Dr Ka Yi Ling (CTO) (L) and Dr Sandhya Sriram (CEO) (R) HR
Dr Ka Yi Ling and Dr Sandhya Sriram

Together the teams will adapt Integriculture’s existing technology for shrimp cell cultures to develop an inexpensive cultured serum for shrimp, which will omit the necessity of expensive growth factors or serum and provide Shiok Meats with higher capability to develop unique cell-based seafoods and further meet its mission to deliver delicious, clean and healthy seafood through the harvesting of cells instead of animals.
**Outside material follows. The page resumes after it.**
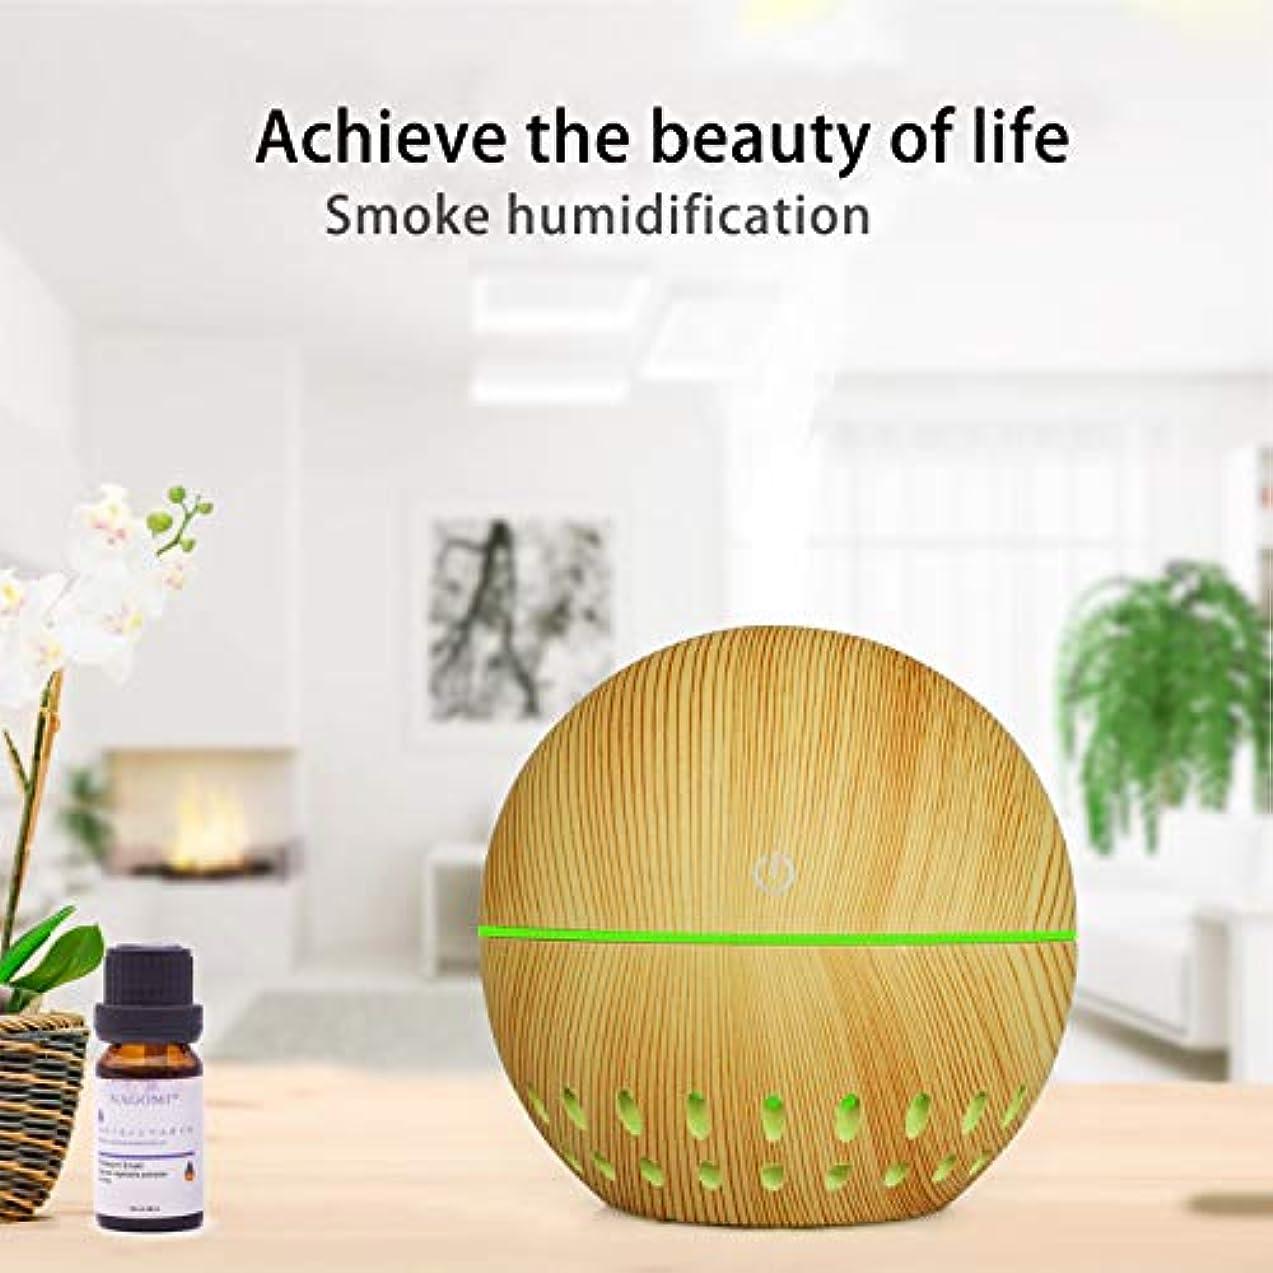 愛人宅配便リストエッセンシャルオイルディフューザーは、家庭やオフィスのためにミスト加湿器をクール130mlの (Color : Light wood grain, Size : 10×10.5)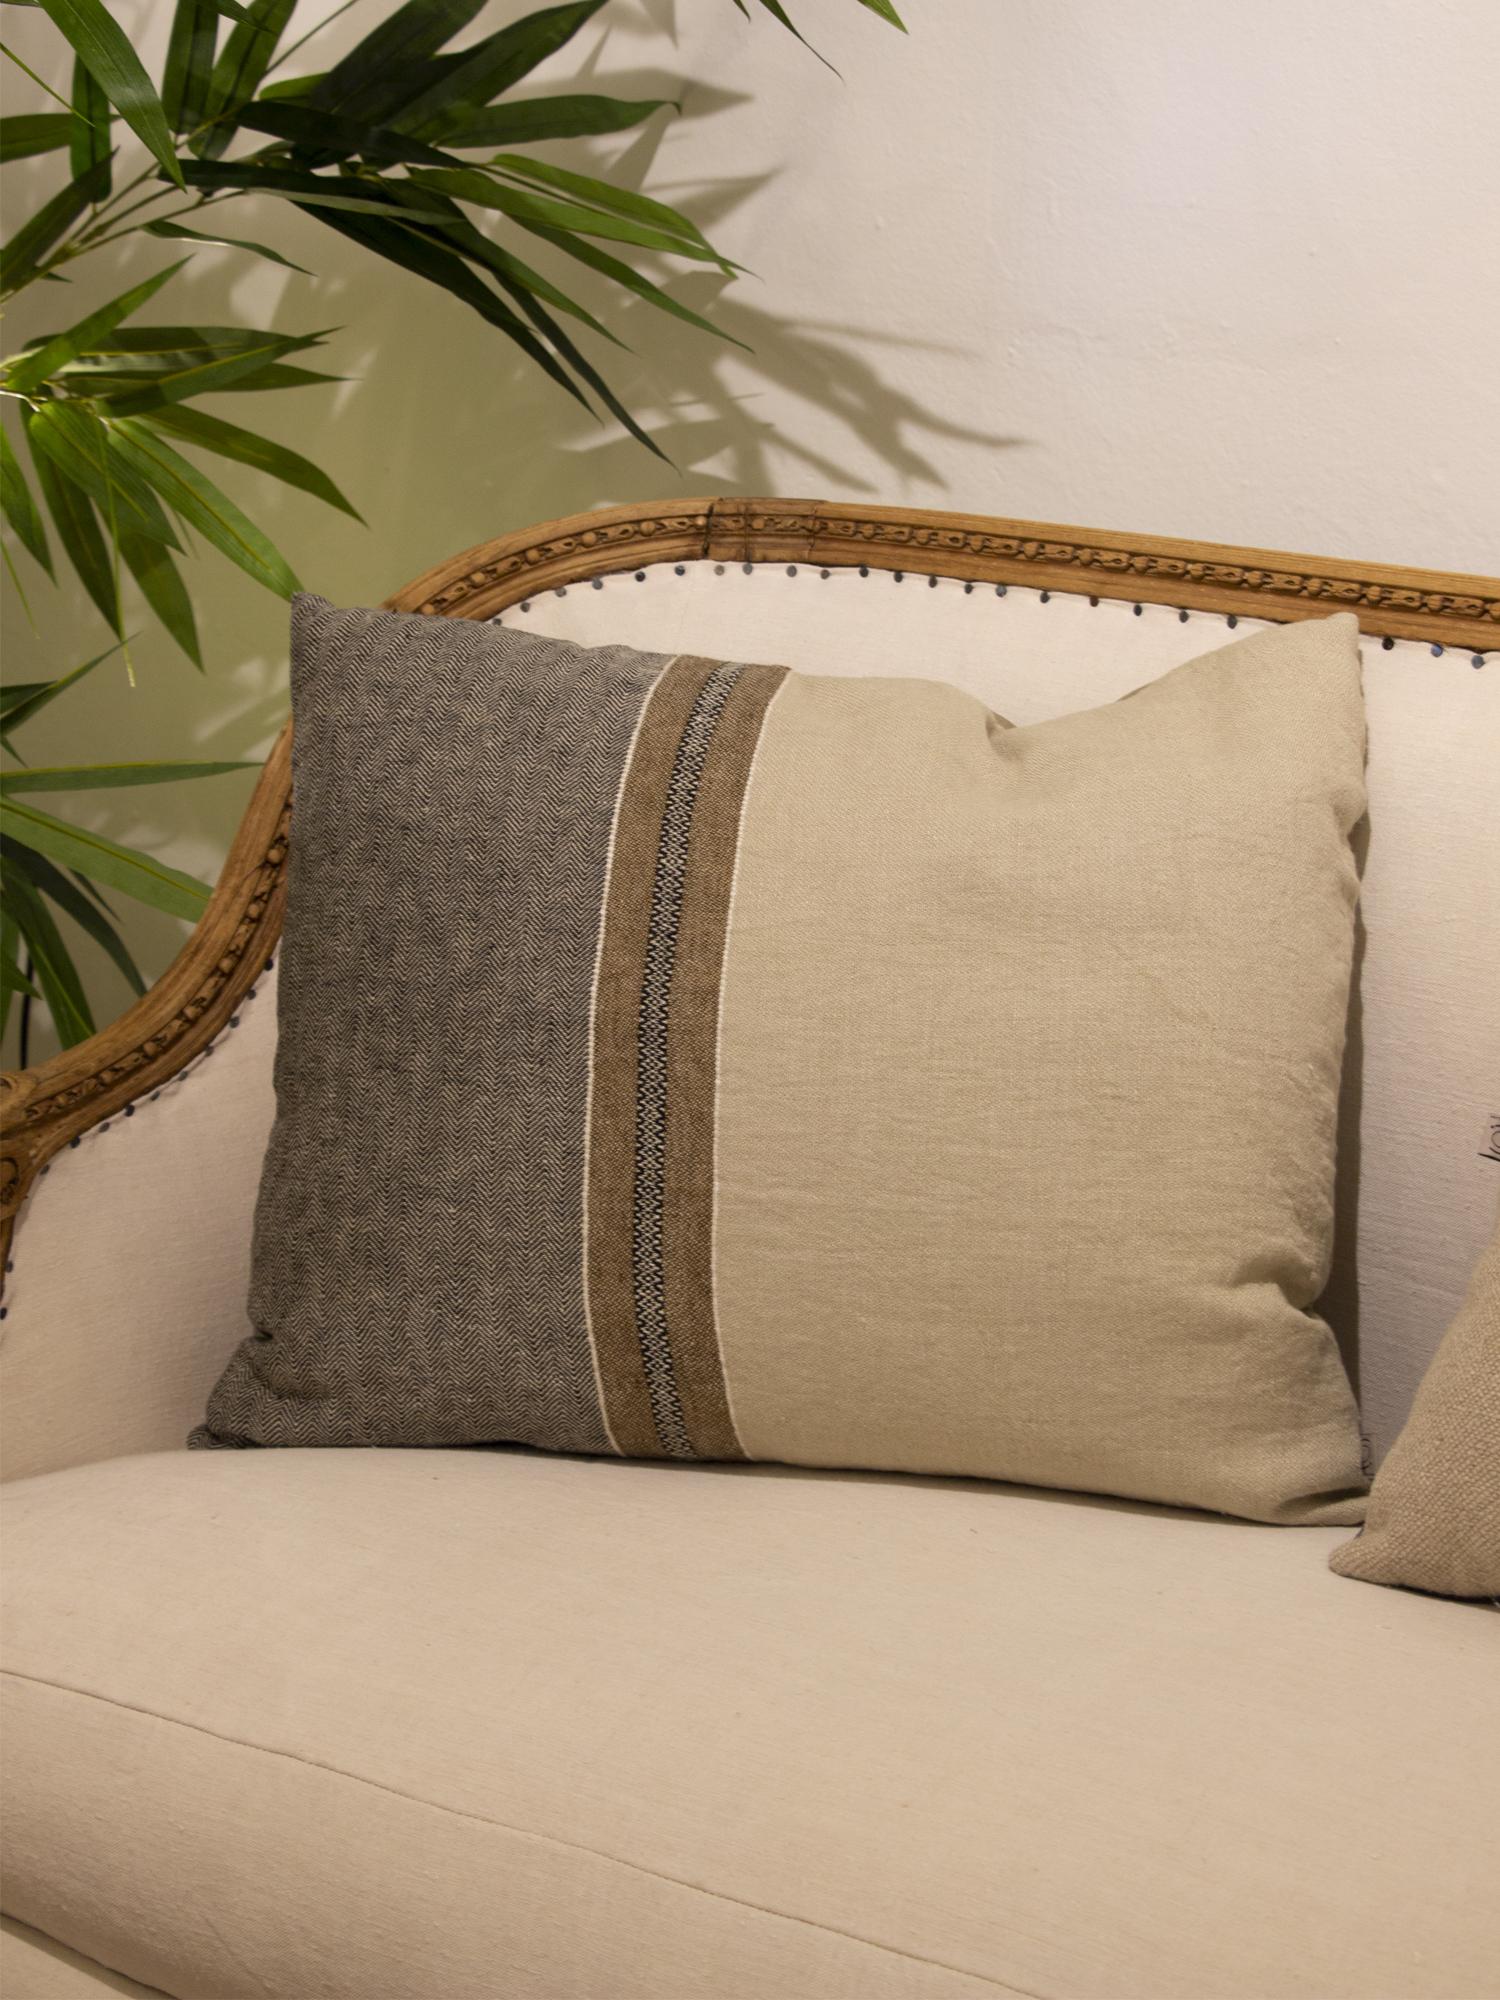 Cojín rectangular en lino con motivos boho en color tabaco, beige y negros.

Shiok Meats is working on cell-based crustacean meats starting with shrimp, with later plans for the development of crab and lobster. We asked Co-Founder Dr. Sandhya Sriram about the importance of the removal of the need for serum (which effectively makes cell meat unsuitable for vegans since it is usually sourced from animals). She explained, “Traditionally, serum from animals is used for growing cells and stem cells in pharma/academic research. But this doesn’t make sense for cell-based meats as it is neither ethical nor sustainable. Also, serum is expensive. Hence, most cell-based companies are looking into serum alternatives that are edible, plant-based, inexpensive and sustainable.”